My understanding is that ultimately all of the department-specific word processing groups were centralized. If that still exists, I wouldn’t be surprised if more attempts had been made to outsource the function, just as many organizations outsource mail and supply centers, copying, scanning, and so forth. With Microsoft Word templates, e-mail, and notebook computers, along with BlackBerrys and the like, it’s even likely that there’s no longer a need for any word processing function.
I remember the times that I went to work on Saturdays, even Sundays, to spend hours marking up documents in red pen, then verifying that the necessary changes had been made with the word processor and the project lead, while partners and managers continued to refine the scope, offering, verbiage, and numbers. Today I would mostly likely receive documents at home via e-mail or through connecting to a company intranet. I would redline them and e-mail them back or upload them for the next person to review. That person would accept or reject changes and make additional substantive edits — possibly from his or her home, too. What was once a painful, frustrating, laborious process is, I would hope, now more streamlined, efficient, and nonintrusive on personal time.

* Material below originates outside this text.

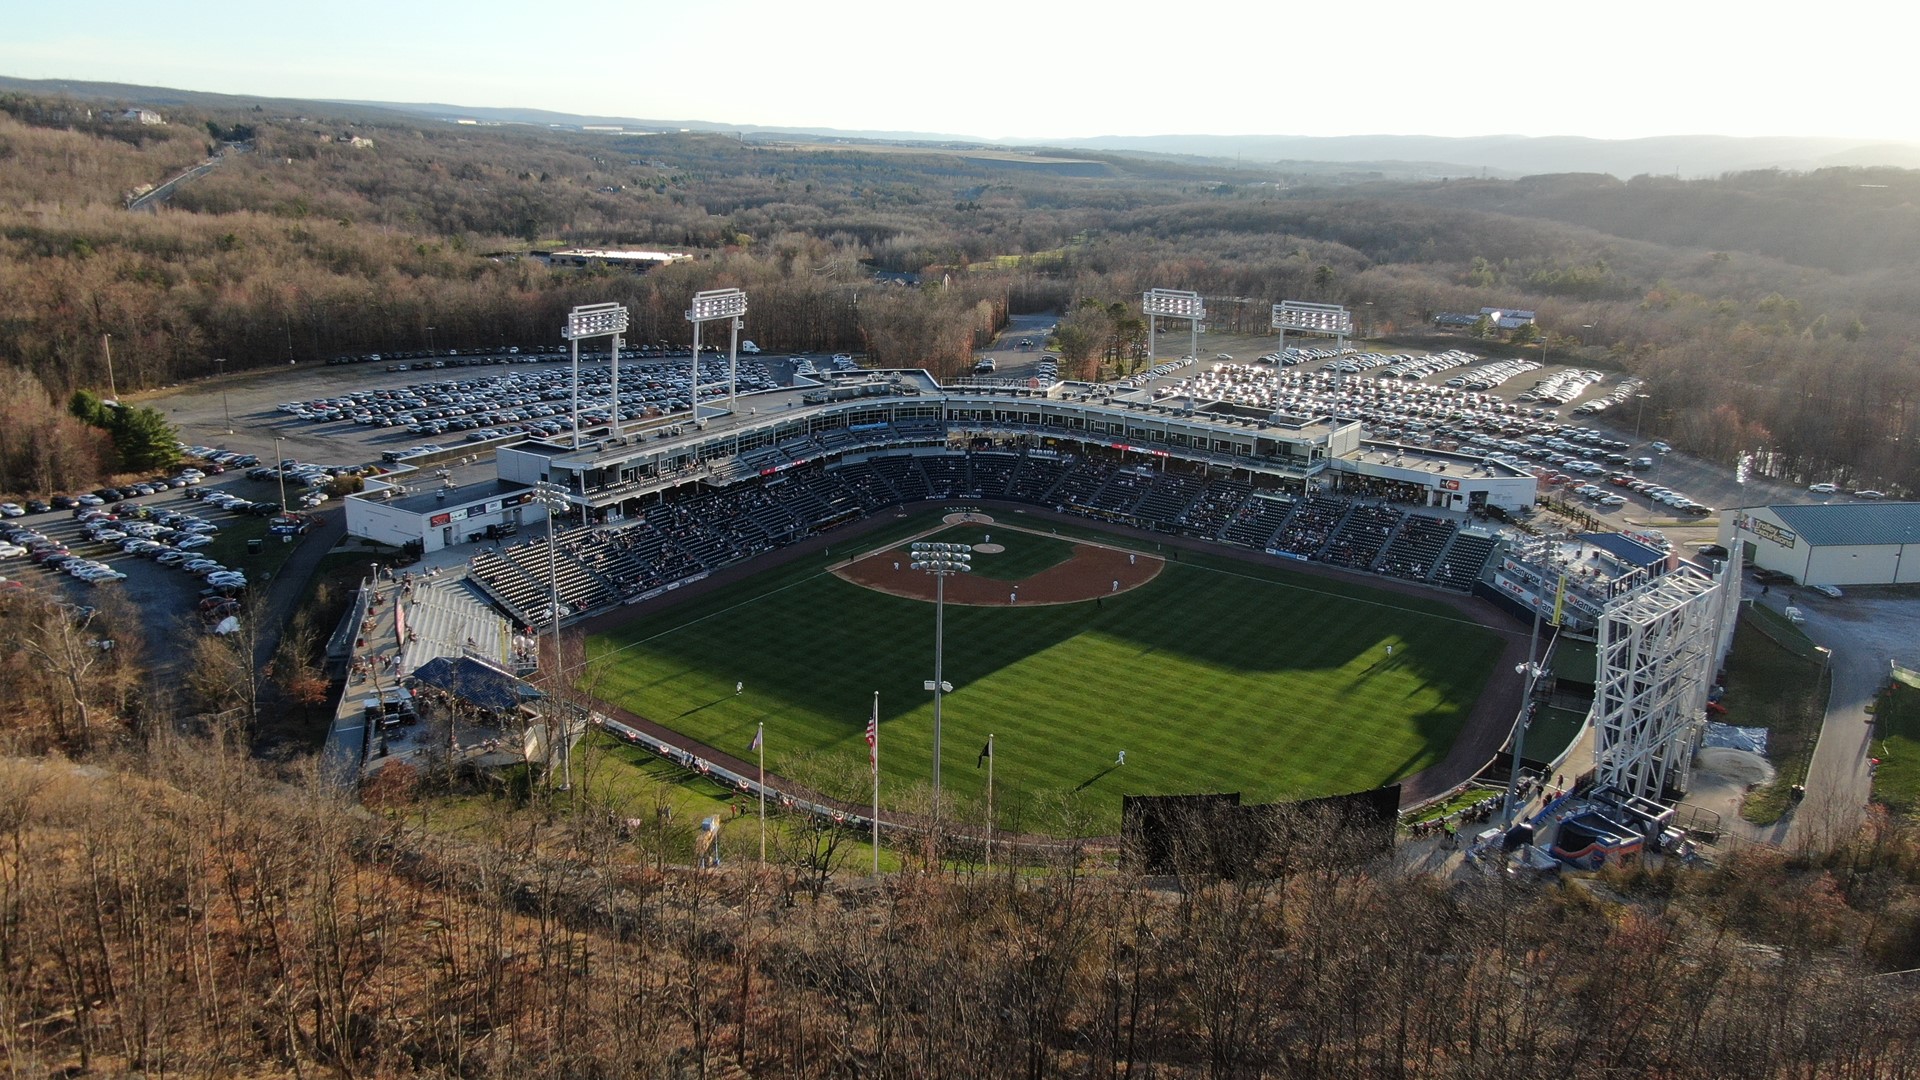 RailRiders fans excited for home opener

This was only nine or ten years ago. Much about how we work has changed. Everything is “teamwork” and “collaboration,” even though it often isn’t. There are no more secretaries who type and file; there are administrative and executive assistants who often have the inside track for operations positions. I wonder how many word processors are left — perhaps in law firms? But I wouldn’t be surprised to find out that it had become an anachronistic profession, like that of the chimney sweep. The irony is that the technology that created the profession has led to its demise.
On the other hand, 23 years ago very few people could write and spell well, and that has not changed. Even if the need for proofreaders and copyeditors is not admitted or acknowledged, it still exists. More documents, more pages, more words — more errors.
After reading some of the work produced in the new era, however, I wonder if anyone cares. Maybe proofreading and copyediting are anachronistic as well.